The process of consolidation of the Tamil region under the Vijayanagara empire began at the start of the 16th century. The regions were brought primarily under the control of the Nayaka kingdoms of Madurai, Tanjore and Senji. Though the different Nayaka regions were autonomous, they all acknowledged the sovereignty of the Vijayanagara and its emperor, Krishnadevaraya.

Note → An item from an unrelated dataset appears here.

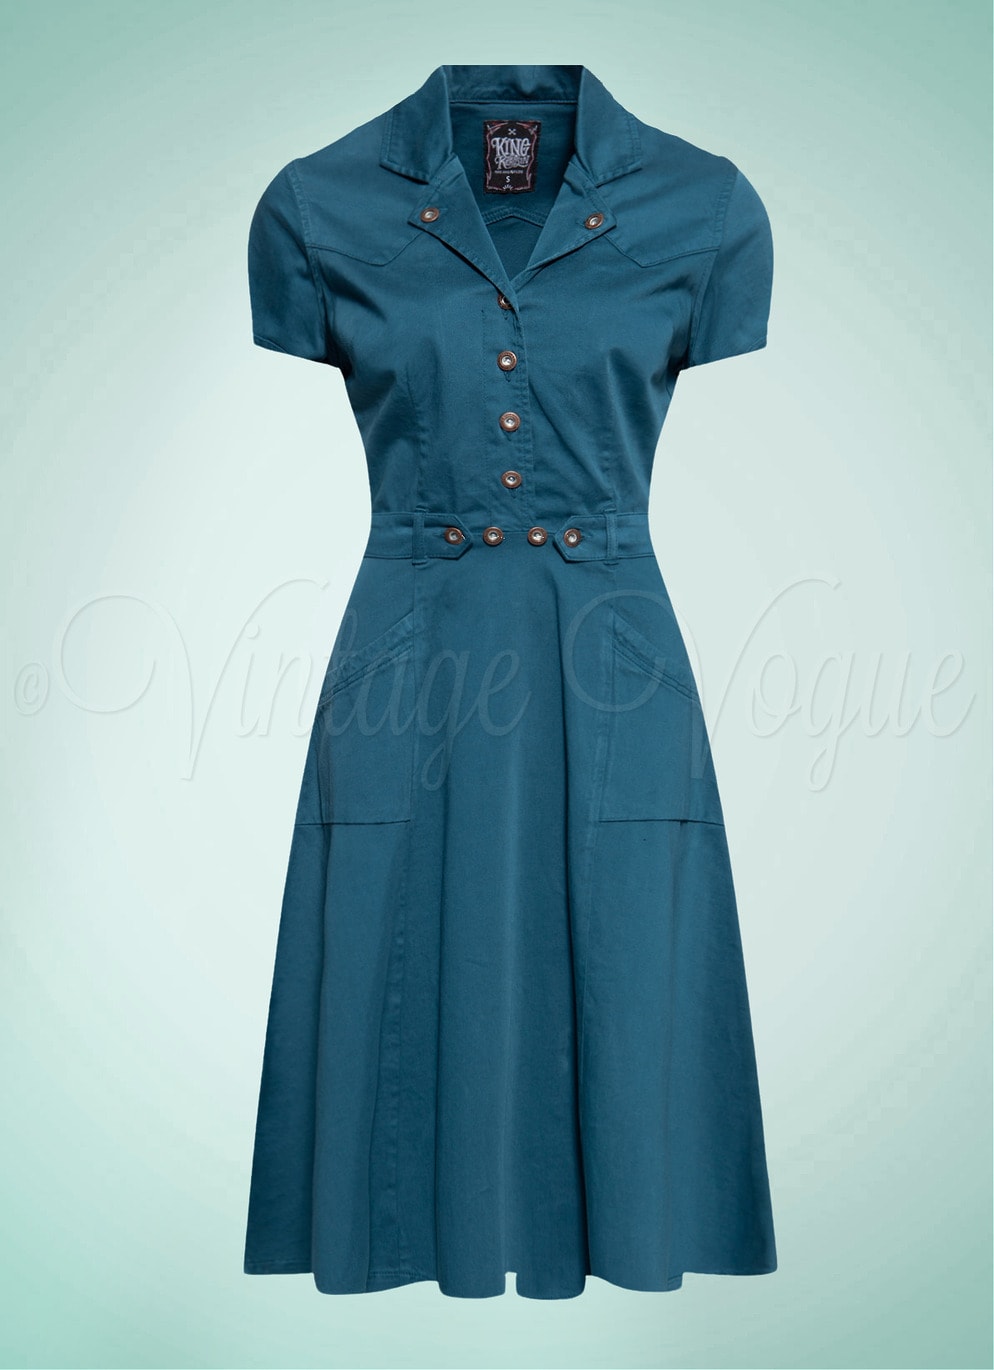 Queen Kerosin 50er Jahre Retro Vintage Rockabilly Jeans Kleid 50's Swing Dress in Petrol QK5201015000-402

During the process of consolidation, Krishnadevaraya dispatched one of his most successful generals, Nagama Nayaka, on a campaign to punish Virasekhara Chola who had plundered the petty Pandyan regions. The Pandyas were under the protection of the Vijayanagara empire. Having put down Virasekhara, the general Nagama Nayak claimed Madurai for himself. Viswanatha Nayak, the son of Nagama Nayak, was more loyal to the king Krishnadevaraya than to his father. He overthrew his father and handed him over to Krishnadevaraya and as a reward for his loyalty the king appointed Viswanatha Nayaka as the governor of Madurai and other provinces in the neighbouring Tamil country..Later when the Vijayanagar Empire fell, and Viswanatha Naicker became the ruler with Madurai as his capital, Ariyanatha became his minister and the general of his army. Dalavai means general.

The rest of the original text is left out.